After locating the line with "EW-DL35-P （ピンク） Doltz 　パナソニック電動歯ブラシドルツ", repeat it and every following line to the end of the listing, exactly. Omit the pictures.

• [INFORMATION SUPPLIED]:
Content starts

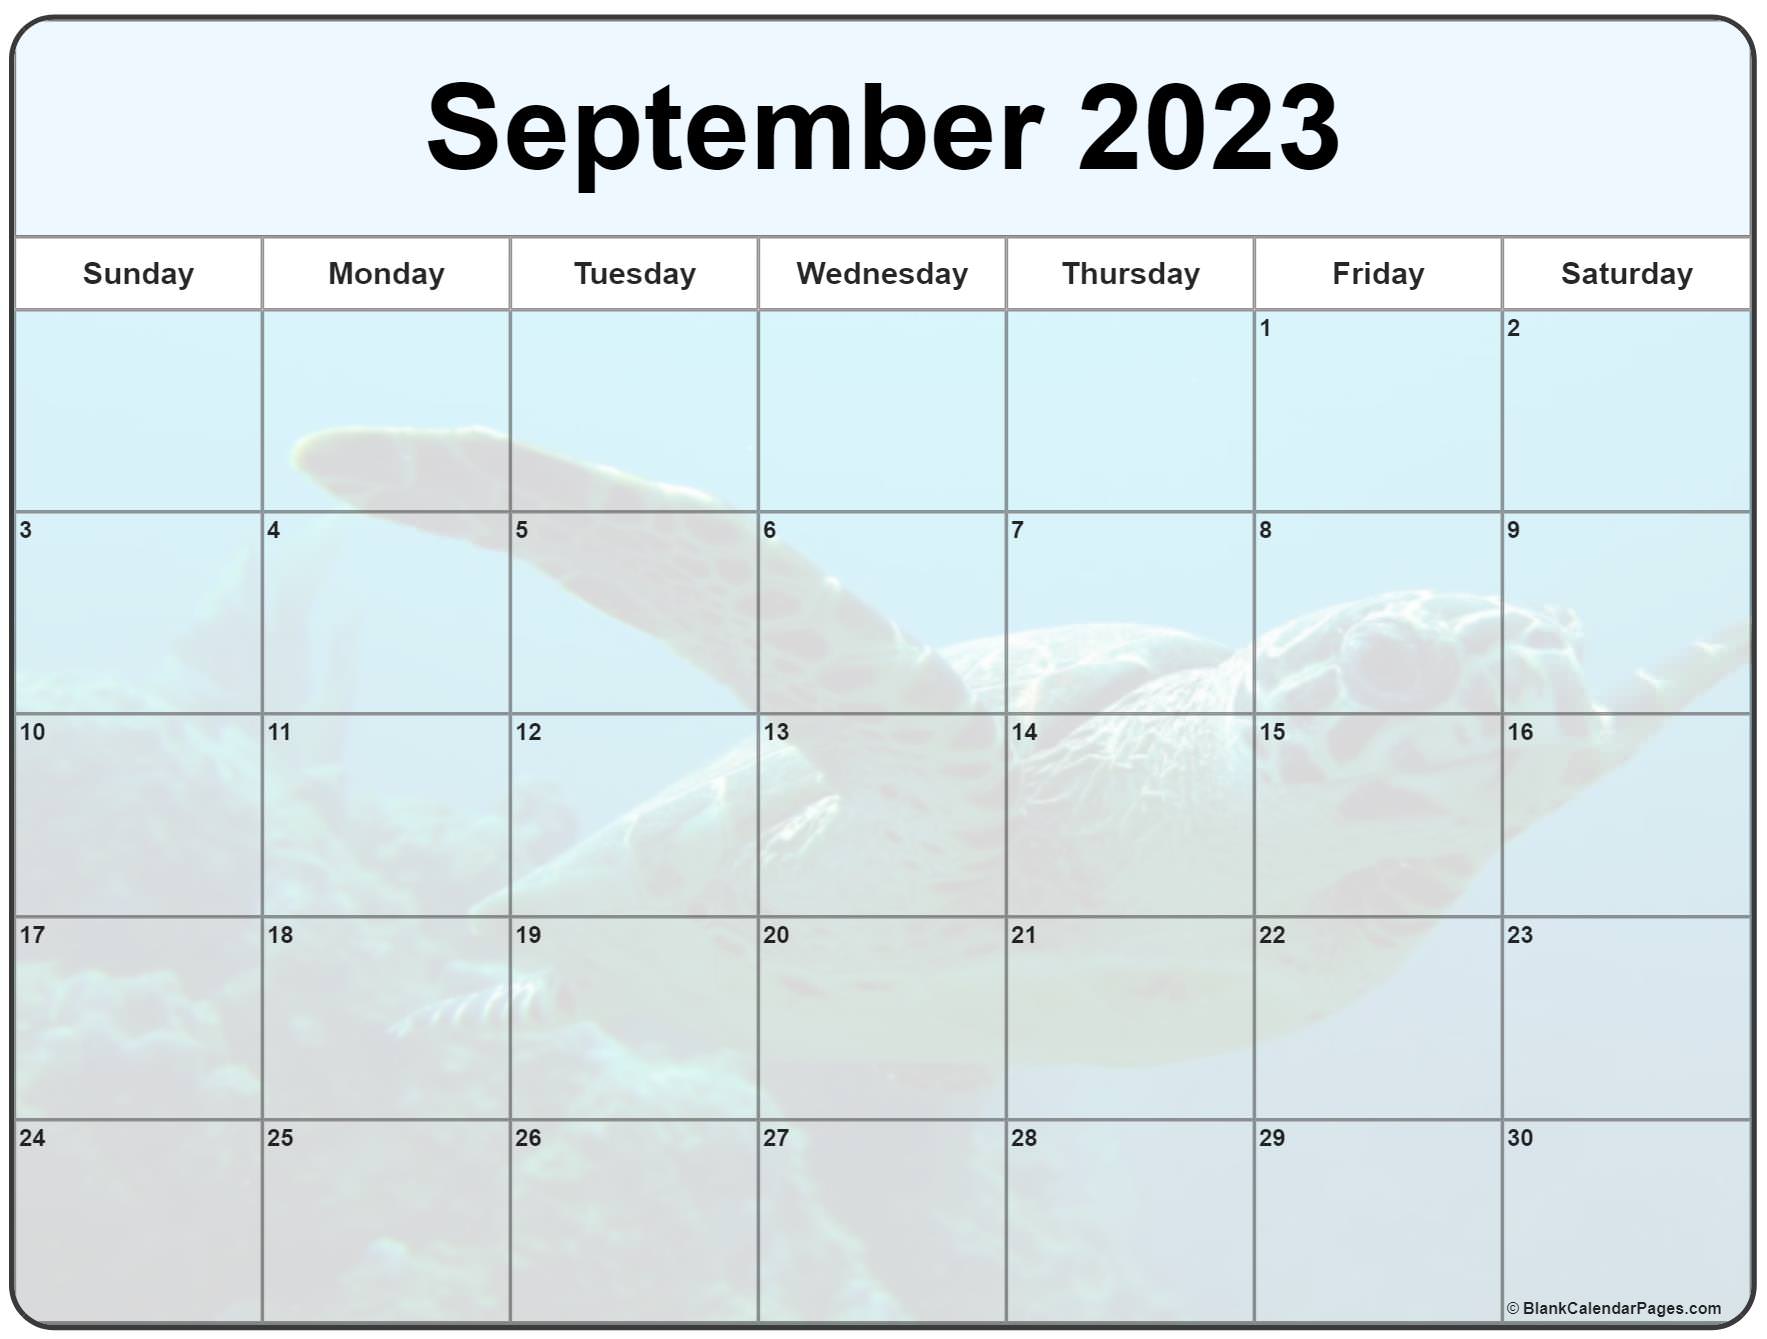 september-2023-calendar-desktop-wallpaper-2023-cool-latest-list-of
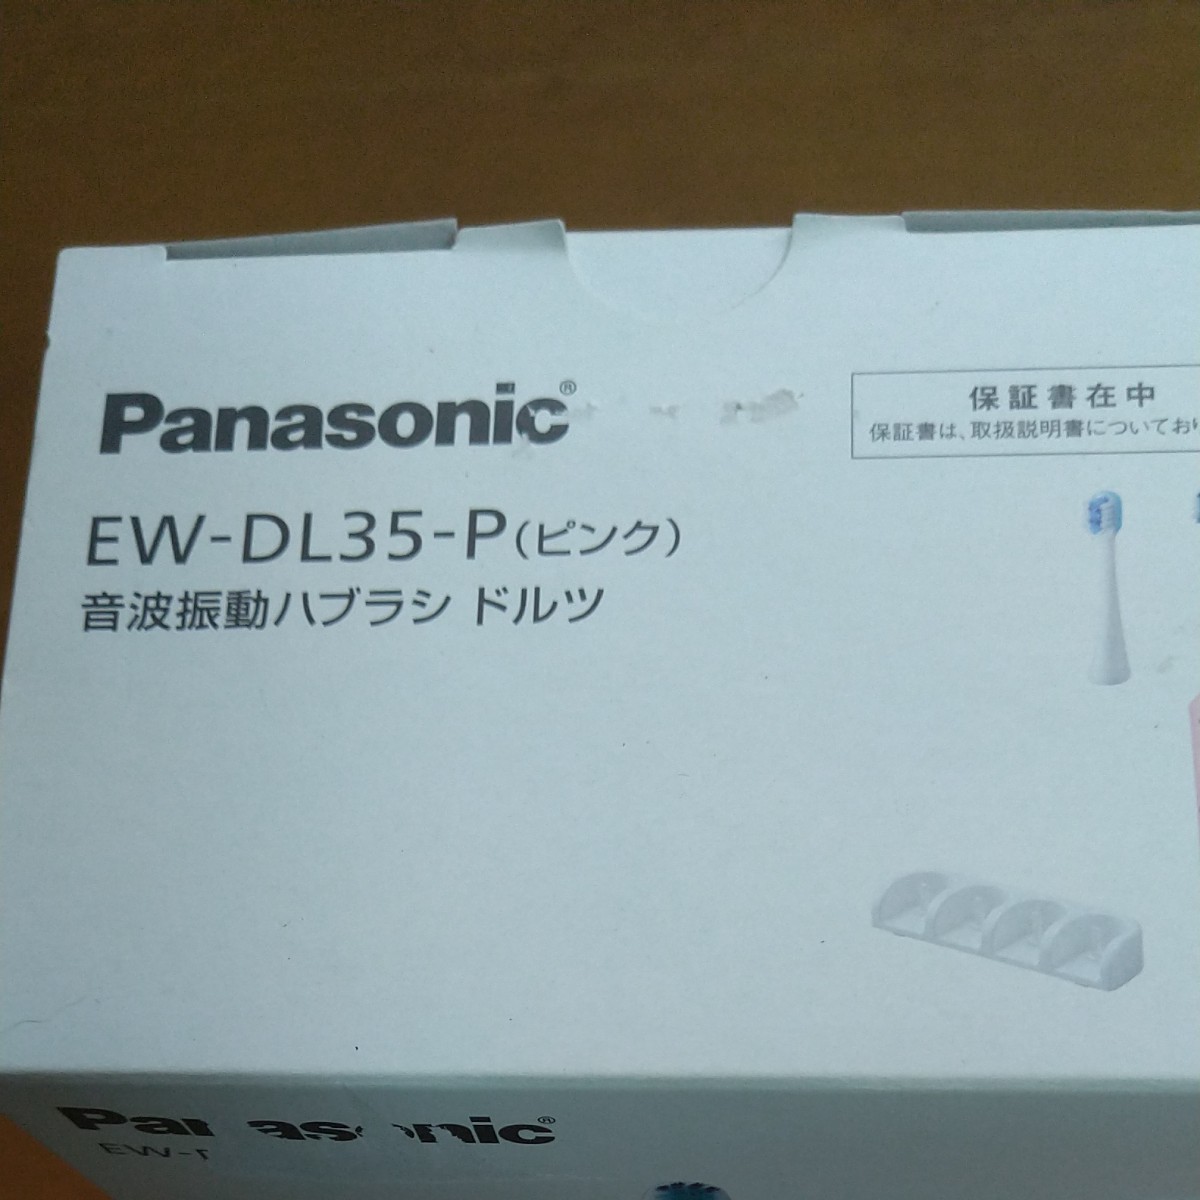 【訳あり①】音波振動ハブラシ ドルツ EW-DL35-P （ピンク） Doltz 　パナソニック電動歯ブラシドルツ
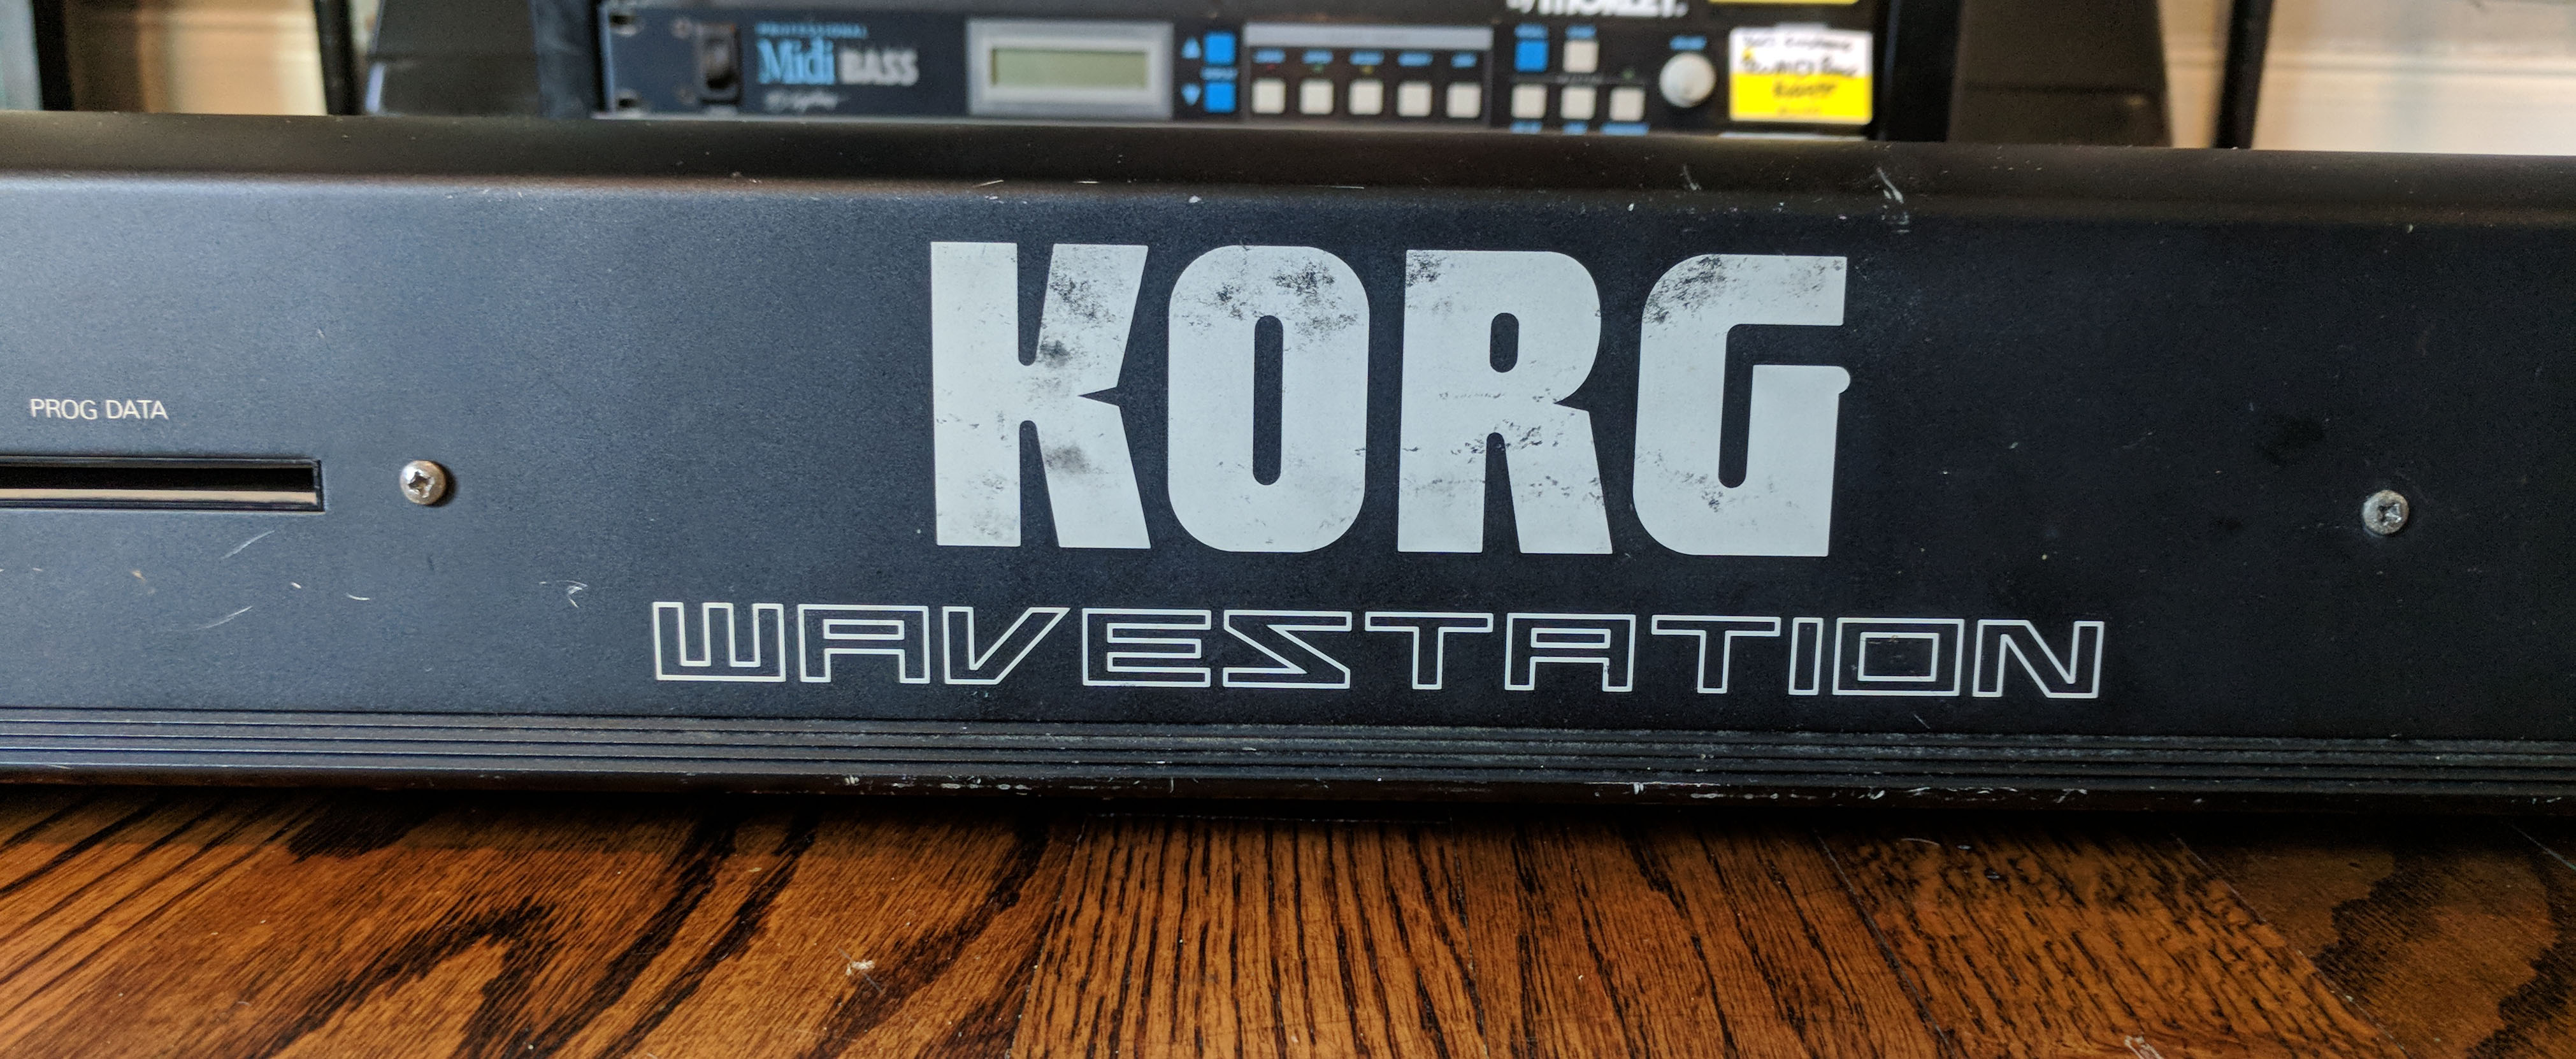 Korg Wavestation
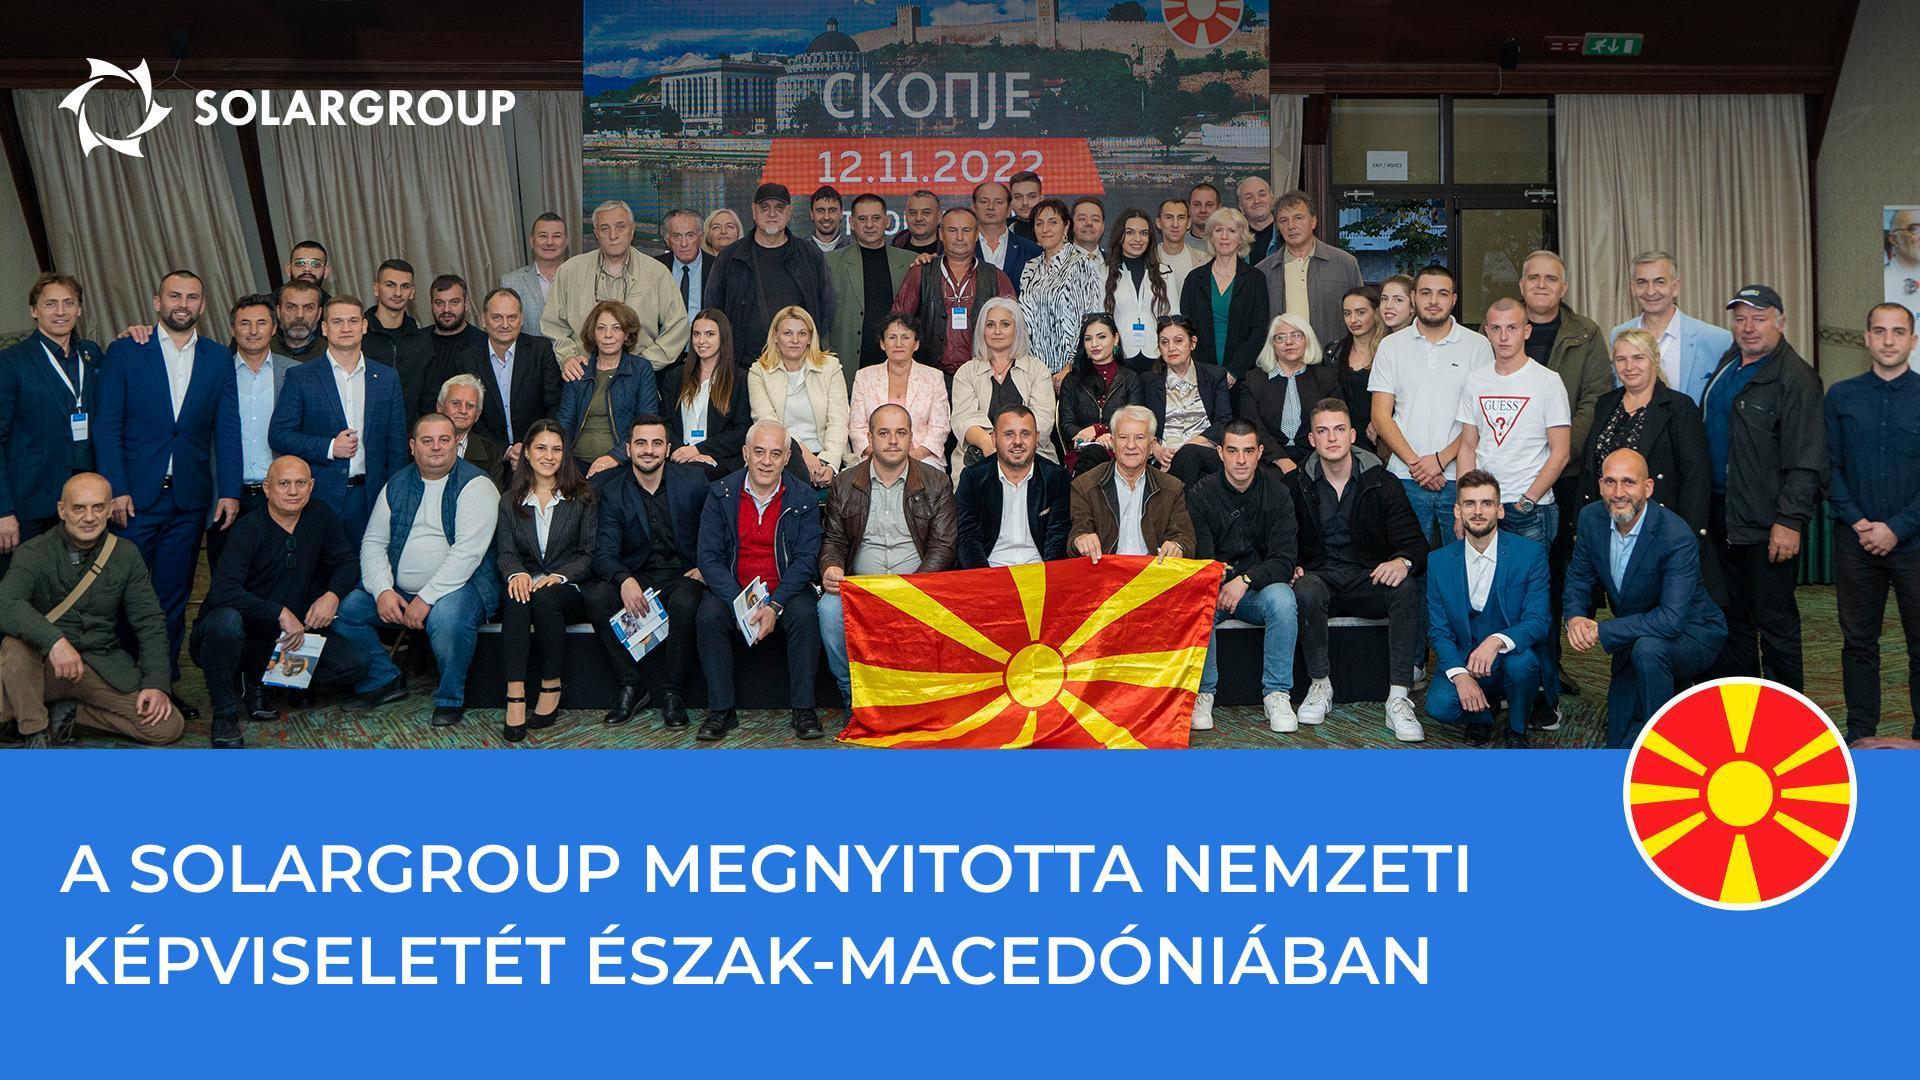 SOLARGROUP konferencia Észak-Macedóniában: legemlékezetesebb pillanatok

Content ends

• [THE ANSWER]:
 【訳あり①】音波振動ハブラシ ドルツ EW-DL35-P （ピンク） Doltz 　パナソニック電動歯ブラシドルツ
 Korg Wavestation
 SOLARGROUP konferencia Észak-Macedóniában: legemlékezetesebb pillanatok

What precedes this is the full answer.